Pew Research Center - The American middle class is losing ground
in metropolitan areas across the country, affecting communities from
Boston to Seattle and from Dallas to Milwaukee. From 2000 to 2014 the
share of adults living in middle-income households fell in 203 of the
229 U.S. metropolitan areas examined in a new Pew Research Center
analysis of government data.
The decrease in the middle-class share was often substantial, measuring 6 percentage points or more in 53 metropolitan areas, compared with a 4-point drop nationally.
The shrinking of the middle class at the
national level, to the point where it may no longer be the economic
majority in the U.S., was documented in an earlier analysis
by the Pew Research Center. The changes at the metropolitan level, the
subject of this in-depth look at the American middle class, demonstrate
that the national trend is the result of widespread declines in
localities all around the country.
1 comment:
It's called gentrification.

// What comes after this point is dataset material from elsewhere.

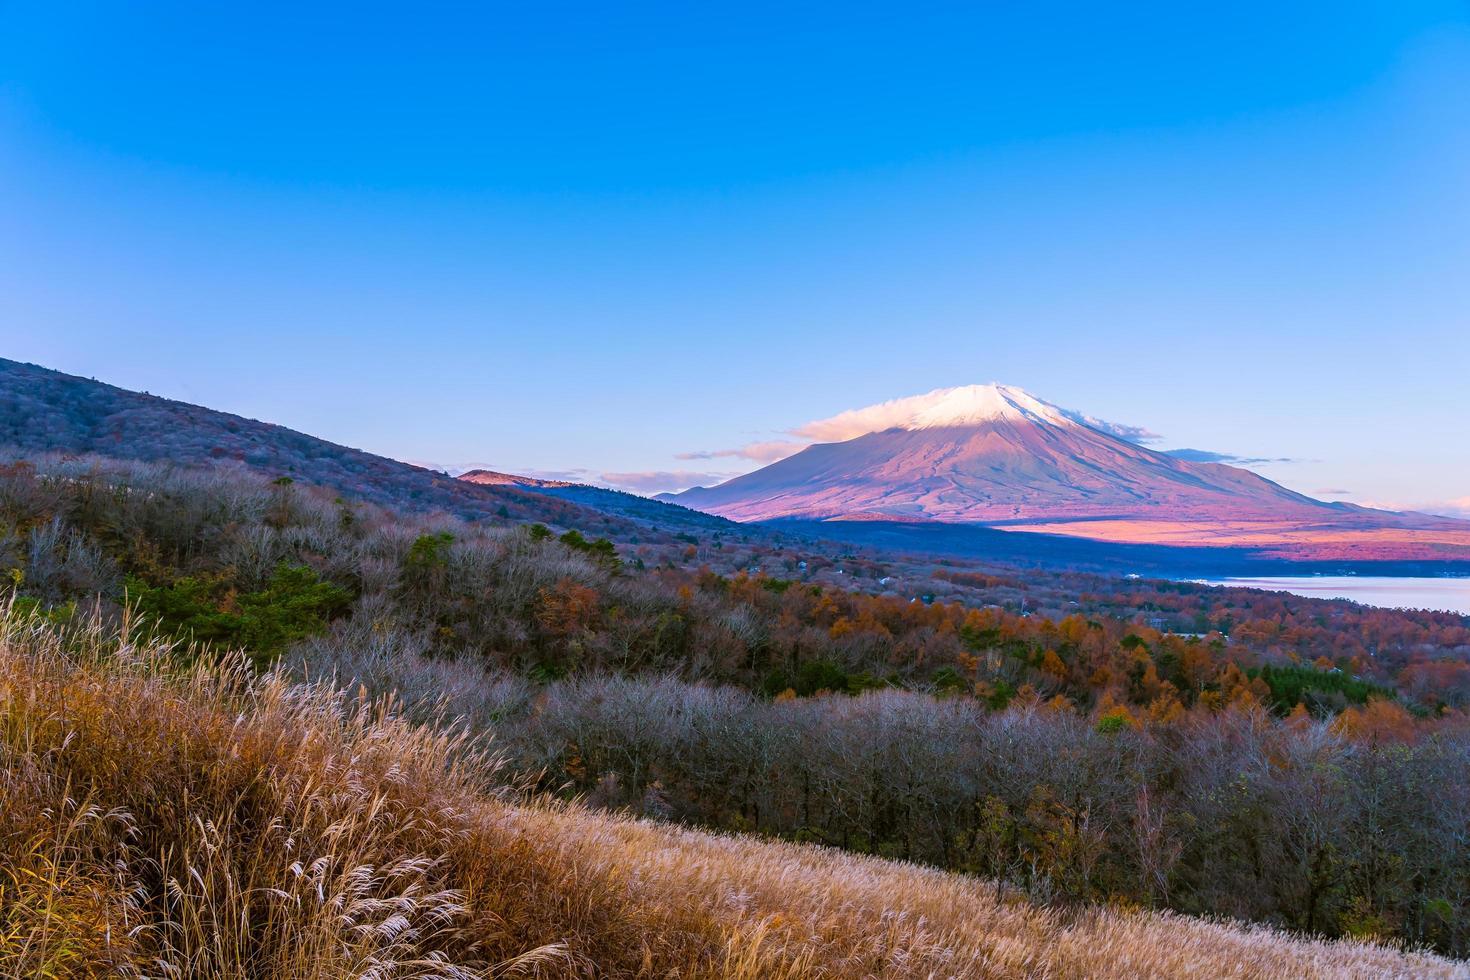 mooie mt. fuji bij yamanaka lake, japan foto
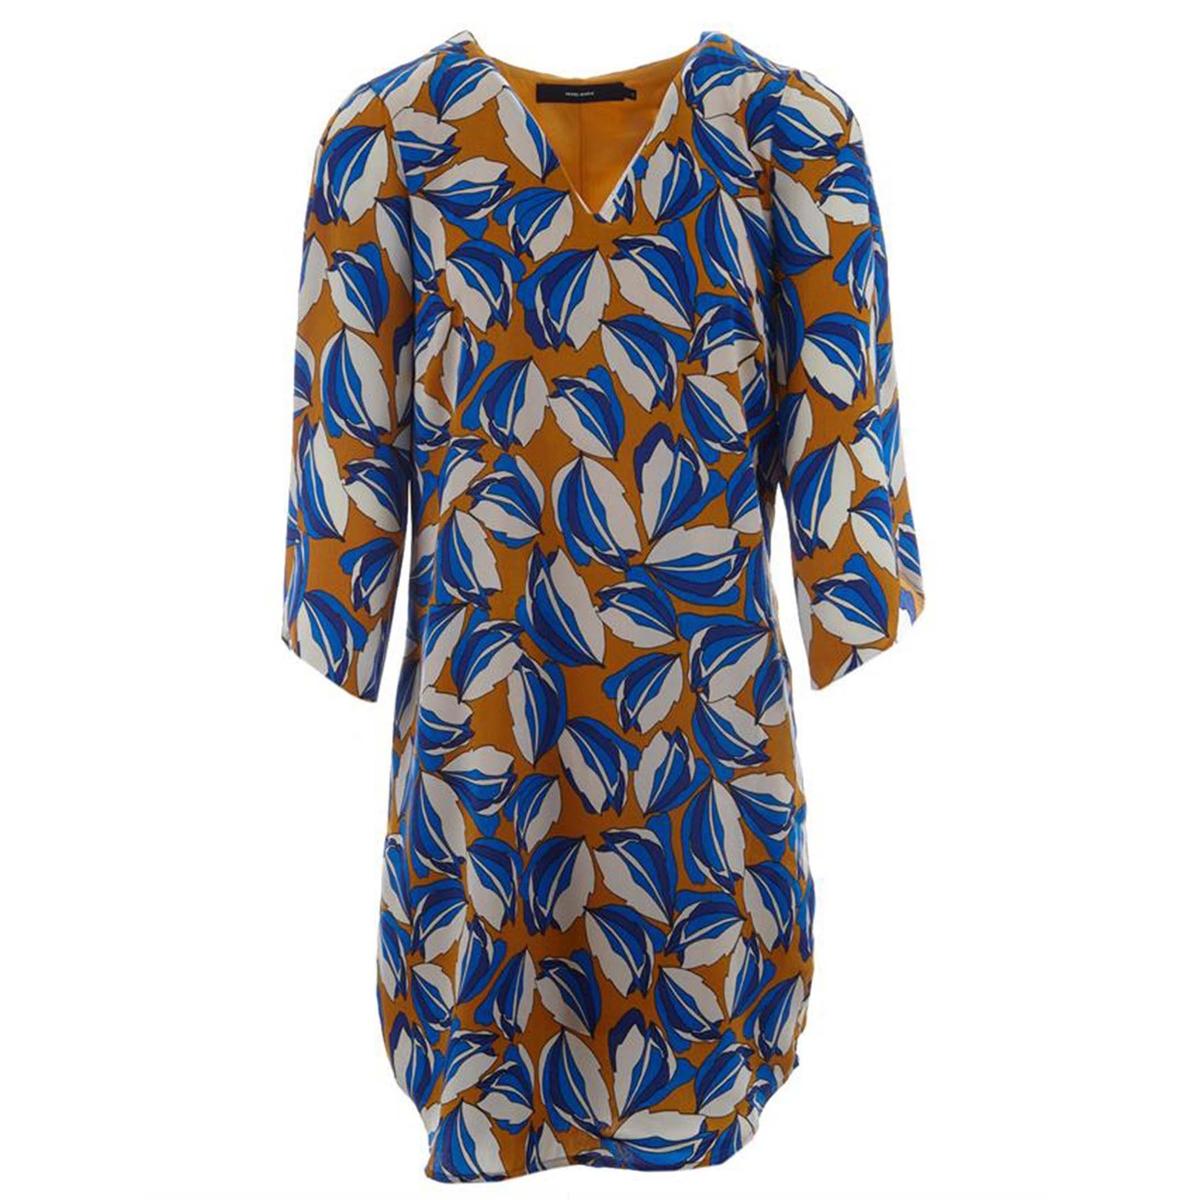 Платье прямое с рисунком, рукава 3/4 платье укороченное расклешённое с рисунком рукава 3 4

It's been an ongoing process for several decades, but may only now garner attention because, unlike that of the past, encroachment now finally impacts what is pathetically left of the so-called middle-class.
Neo-Liberalism has really been about constructing a parallel economy. There is what's left of the traditional economy, now moribund after literally decades of stagflation and static, if not declining wages. Then there is that sector built upon the arcane mysteries of twenty-first century finalization---essentially the process of manufacturing private money, money spent primarily within the ranks of the magic financiers.
It is a realm imagined to be bound by nothing, free to plunder any and every thing.